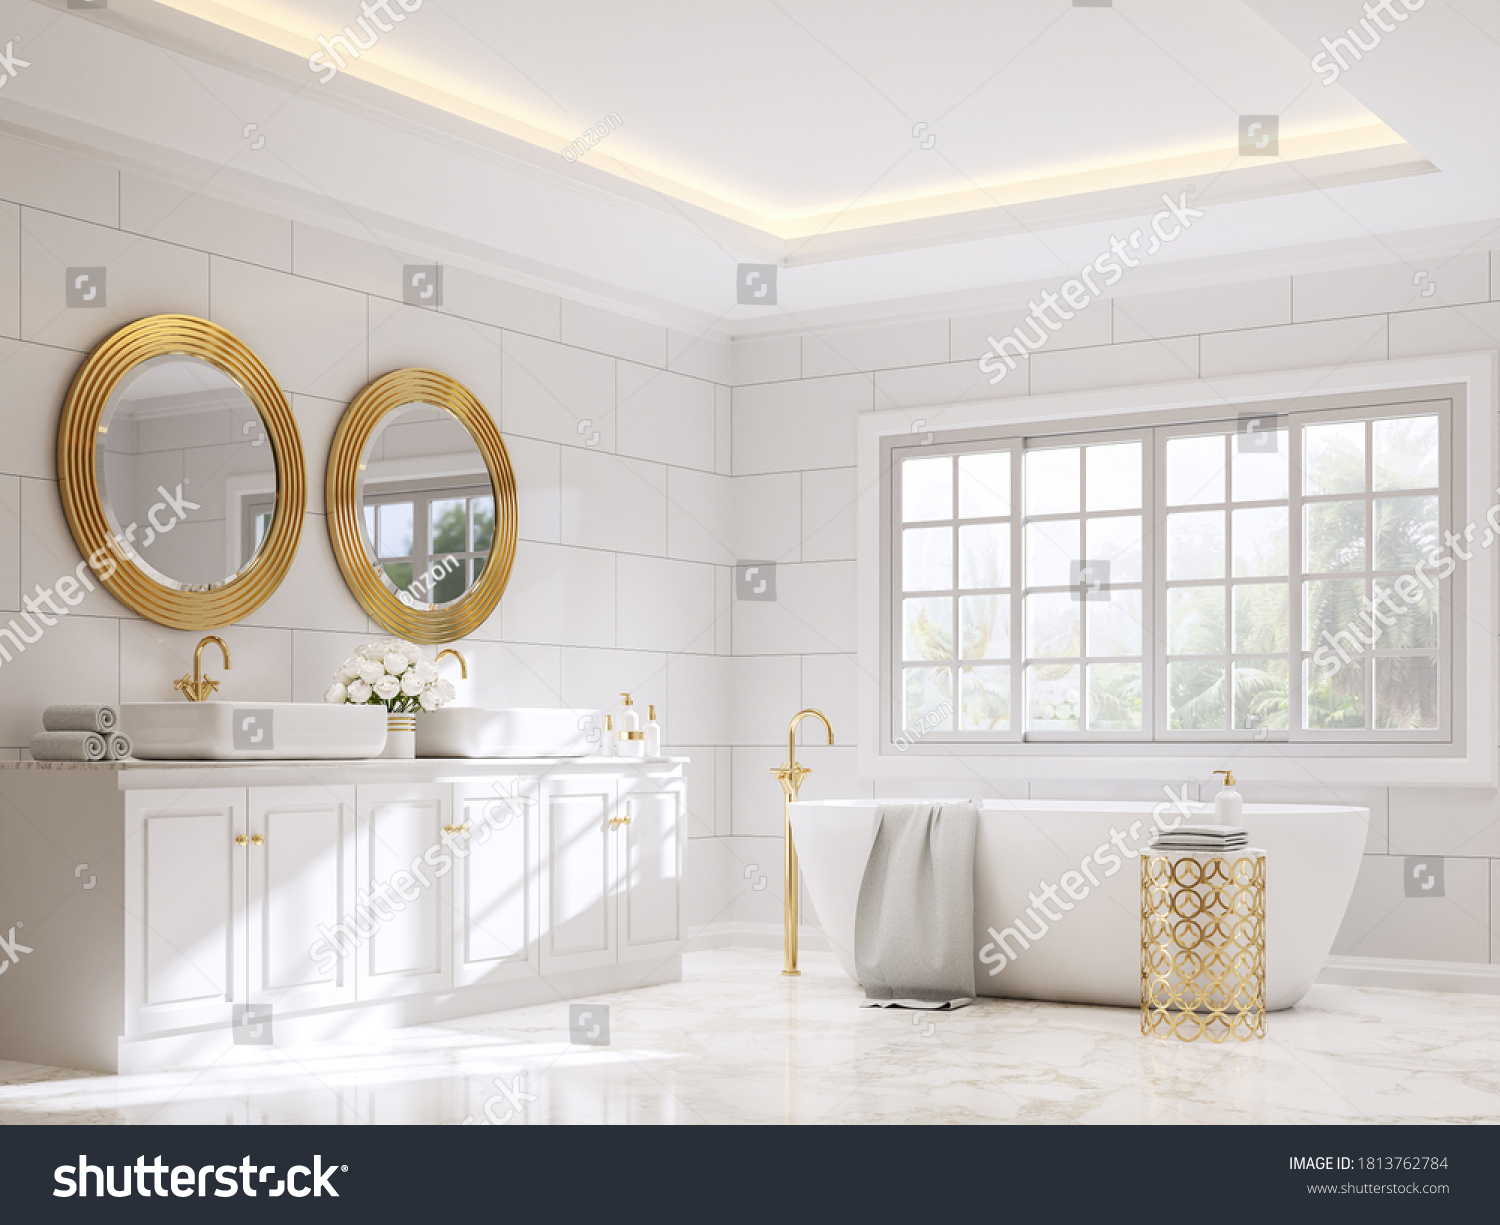 58,513 Classic bathroom Images, Stock Photos & Vectors | Shutterstock
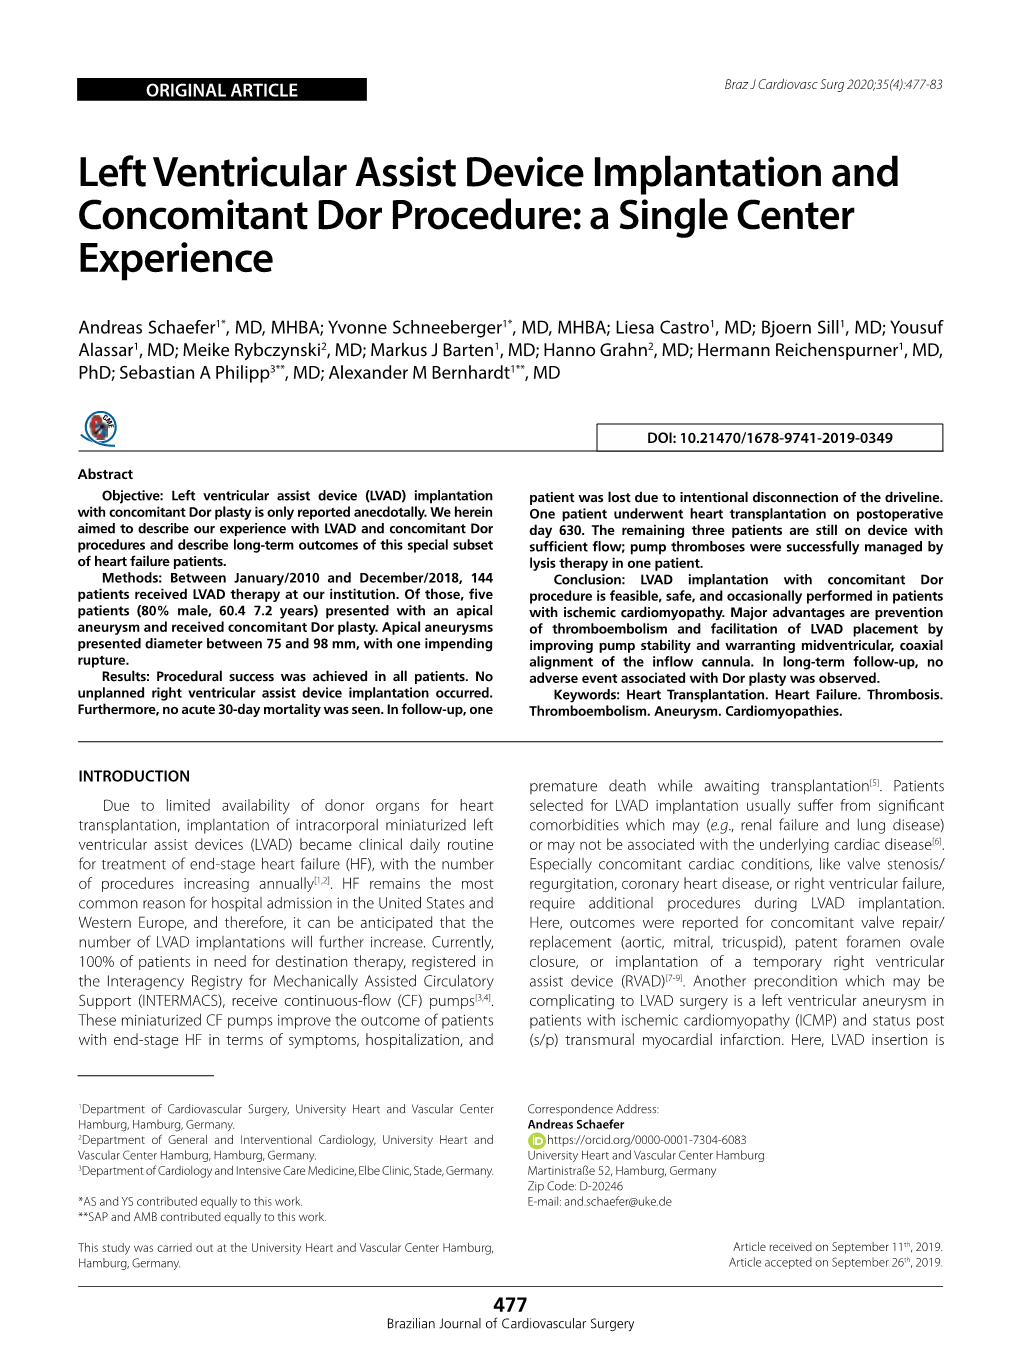 Left Ventricular Assist Device Implantation and Concomitant Dor Procedure: a Single Center Experience
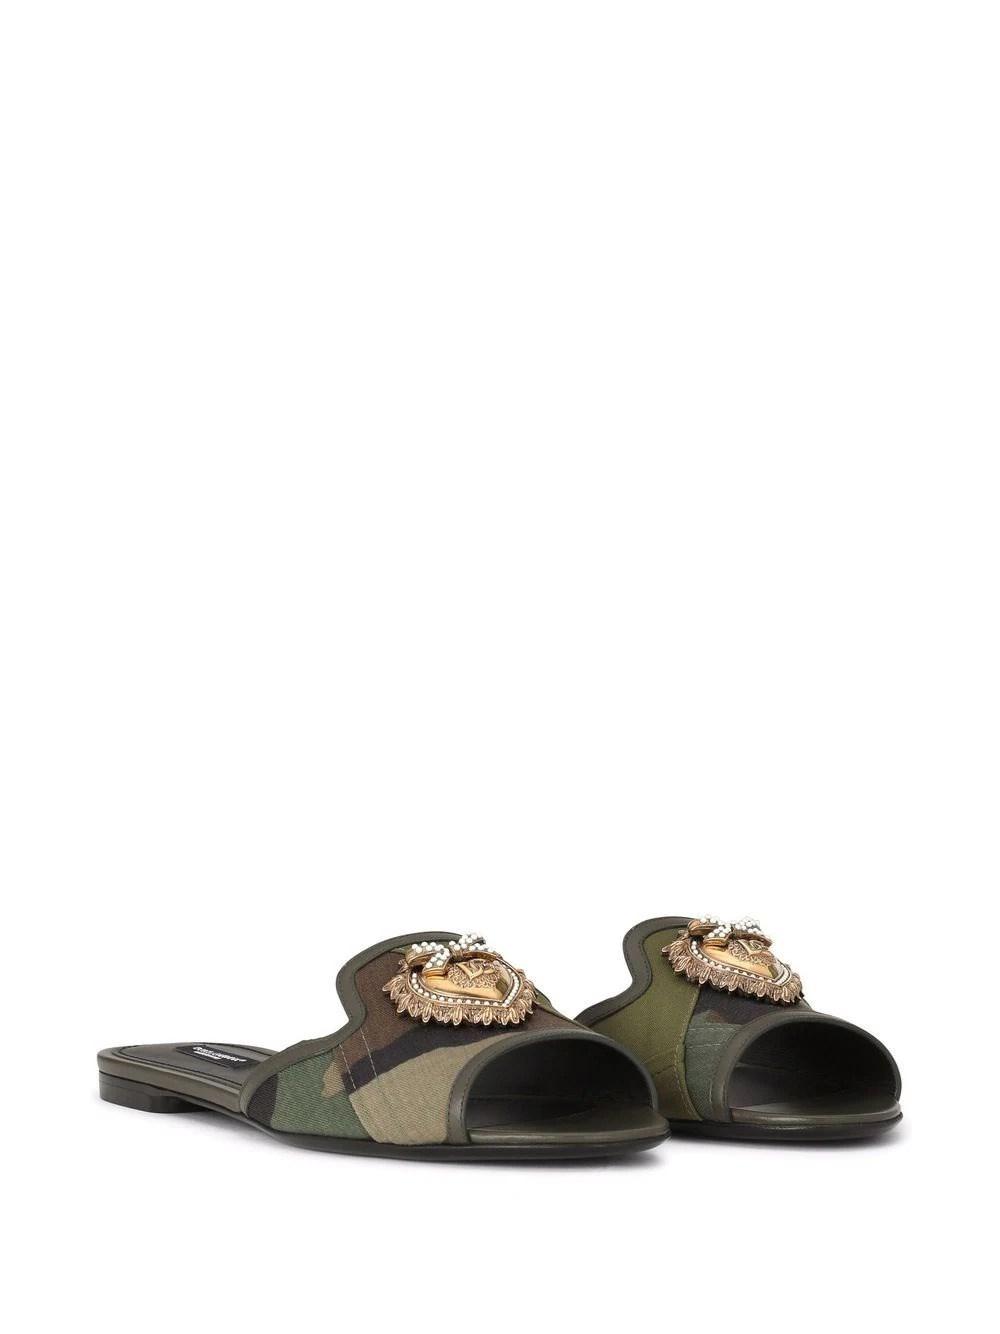 Dolce & Gabbana Leather Camouflage Flat Sandal - Lyst

Assignment:
From the first line to the last, retype the data exactly, without images.

Output of the exercise:
 58,513 Classic bathroom Images, Stock Photos & Vectors | Shutterstock
 Left Ventricular Assist Device Implantation and Concomitant Dor Procedure: a Single Center Experience
 Dolce & Gabbana Leather Camouflage Flat Sandal - Lyst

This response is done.